Now you can incorporate the mail feature in the Perl script you've been working with. Look at the section of code you have to add to get this "mail back" feature. The mail can be sent just before you exit instead of updating your internal database. append the following snippet of code to Listing 22.9 to add the mailing feature to your CGI script:

$subject = "Credit Application for " . $fname . " " . $lname;
$sendto  = "credit_rep@big.rich.bank.com";
$fullname =  $fname . " " . $lname;
$cardDesired = $mastercard . " " . $visa ;
#
# open pipe to send mail to .

open (MAIL,"| /usr/bin/sendmail $sendto") || die " Mail does not work!";

select(MAIL);  # Now all the output will go MAIL

$date = `date`;
chop $date;

print << "EMAIL";
Date: $date
From: $user@using.browser.com
To: $sendto
Subject: $subject

Name = $fullname
Card Desired = $cardDesired

Number of Dependents = $dependents
Income Level = $income
Date of application = $date

Please contact them at your convenience,
Sincerely
Your Dearly Beloved Web Server
EMAIL

#
# Do other processing here.
# Print out to MAIL if you have to.
#

close(MAIL);  # send mail

#
# ... continue processing if you have to or exit.
#
exit(0);

There are a few points to note concerning the script shown above. First, a UNIX pipe is opened to the sendmail program. The | character in the filename argument tells Perl to open a pipe, not a regular file. Refer to Chapter 14, "Signals, Pipes, FIFOs, and Perl," for more information. Now all the text sent to the MAIL handle will be sent to the program at the end of the pipe. In this case, the program at the end of the pipe is the sendmail program.

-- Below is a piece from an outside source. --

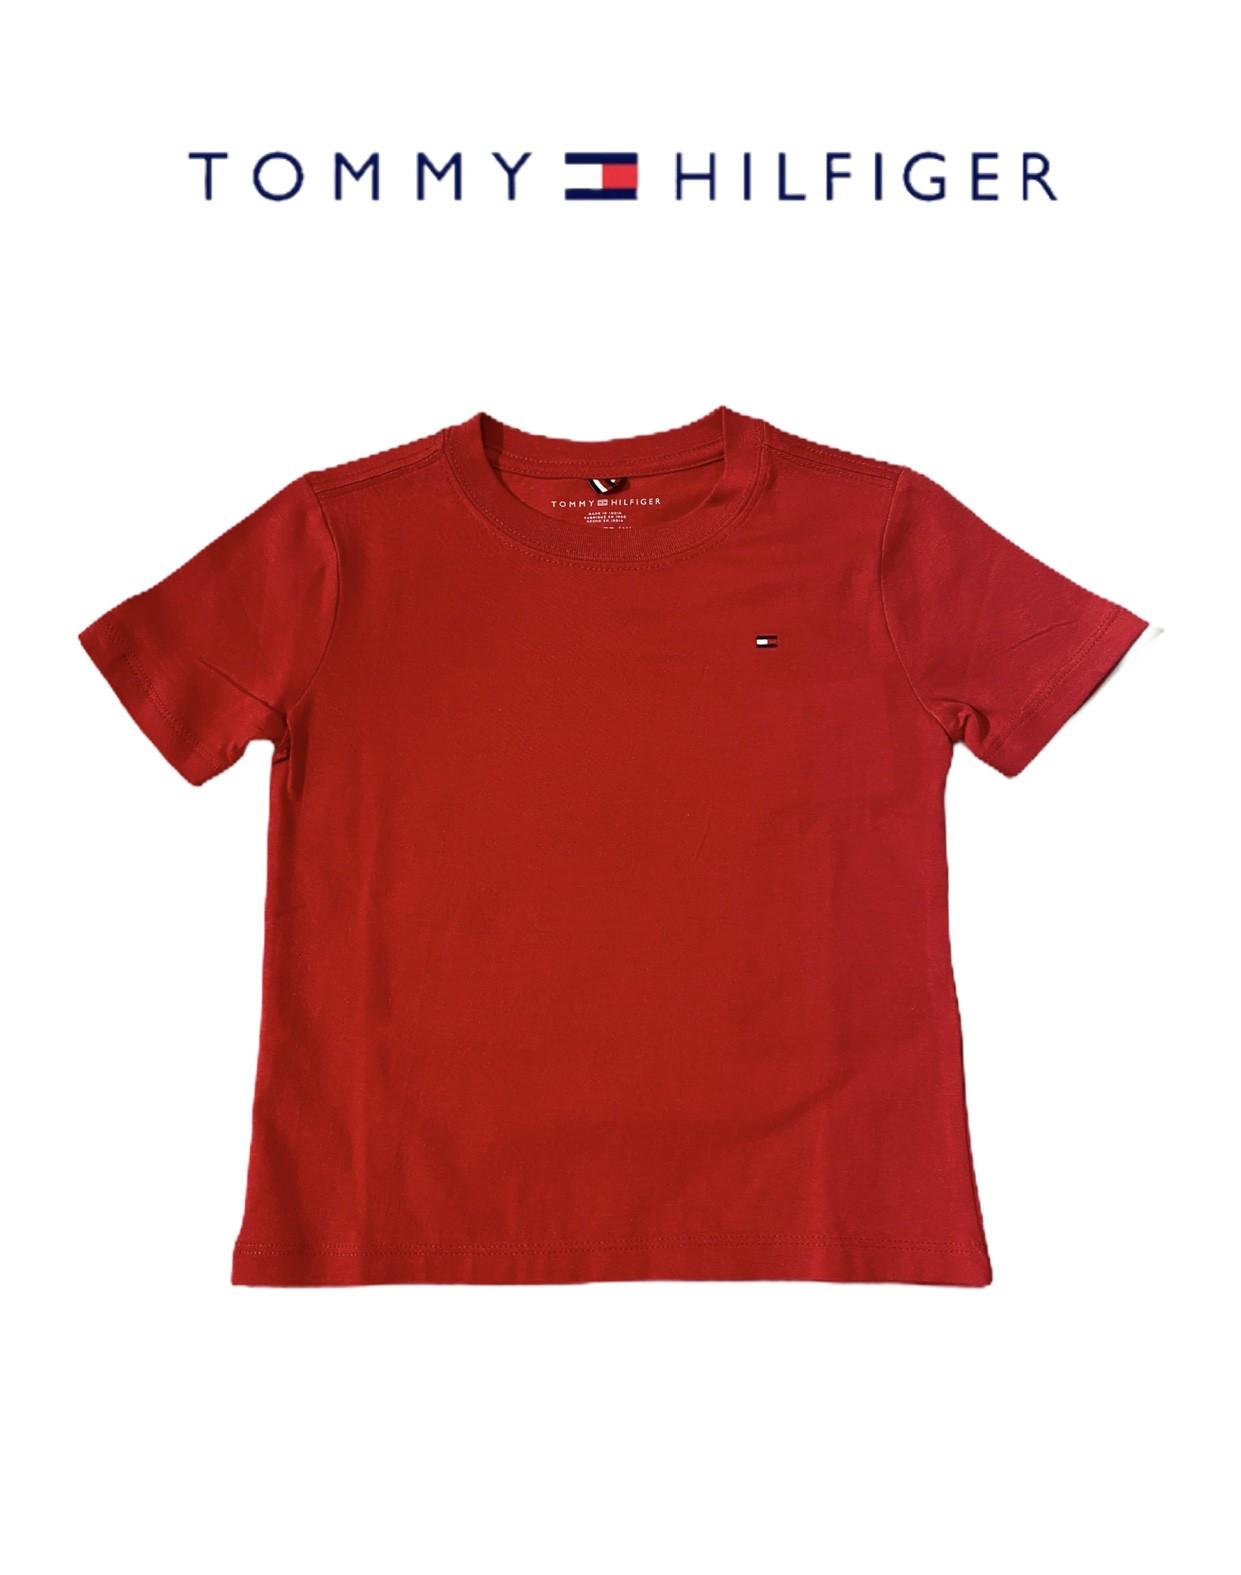 CAMISETA TOMMY HILFIGER® VERMELHA

The select(MAIL); statement selects MAIL as the default file handle for all the output. This is simply a convenience for me as a script writer. If I do not do this, my print statements would all have to be of the form print MAIL. If I inadvertently forget to specify a MAIL handle in a print statement, it will be sent to STDOUT and not MAIL. You can elect not to use this method.

The statement for the From field in the mail message is hardwired to From: user@using.browser.com. You can add fields in your HTML FORM to accept a return mail address and collect it in a field called $returnAddress. This way, the reply to this mail message is sent directly to the user. The line of code to set the return address looks like this: From: $returnAddress.

It would be nice to show the date of the application relative to the server. (The applicant could be on the other side of the world for all you know.) The chop command gets rid of the carriage return at the end of the line returned from the date command.

The close(MAIL) call terminates the input to the sendmail program, which in turn sends the mail out. You can select (STDIN) again at this point or bail out.

Summary

This chapter covered how to write HTML FORM pages and how to write CGI scripts for handling input. There are two methods used for querying information from an HTML script: GET and POST. The GET method sends the data collected from the FORM in the environment variable called QUERY_STRING. The POST method sends the data in via the standard input (STDIN) to the script, and the length of the input is set in the CONTENT_LENGTH environment variable. Spaces within a value, when passed as an argument to the script handling the input, are shown as plus signs (+). Different assignments to a variable are separated by ampersands (&).

The CGI script can process the input by verifying it for acceptable parameters and return replies in the form of HTML pages or plain text. The CGI script then can store the data away in a database, mail the results to someone else, or both.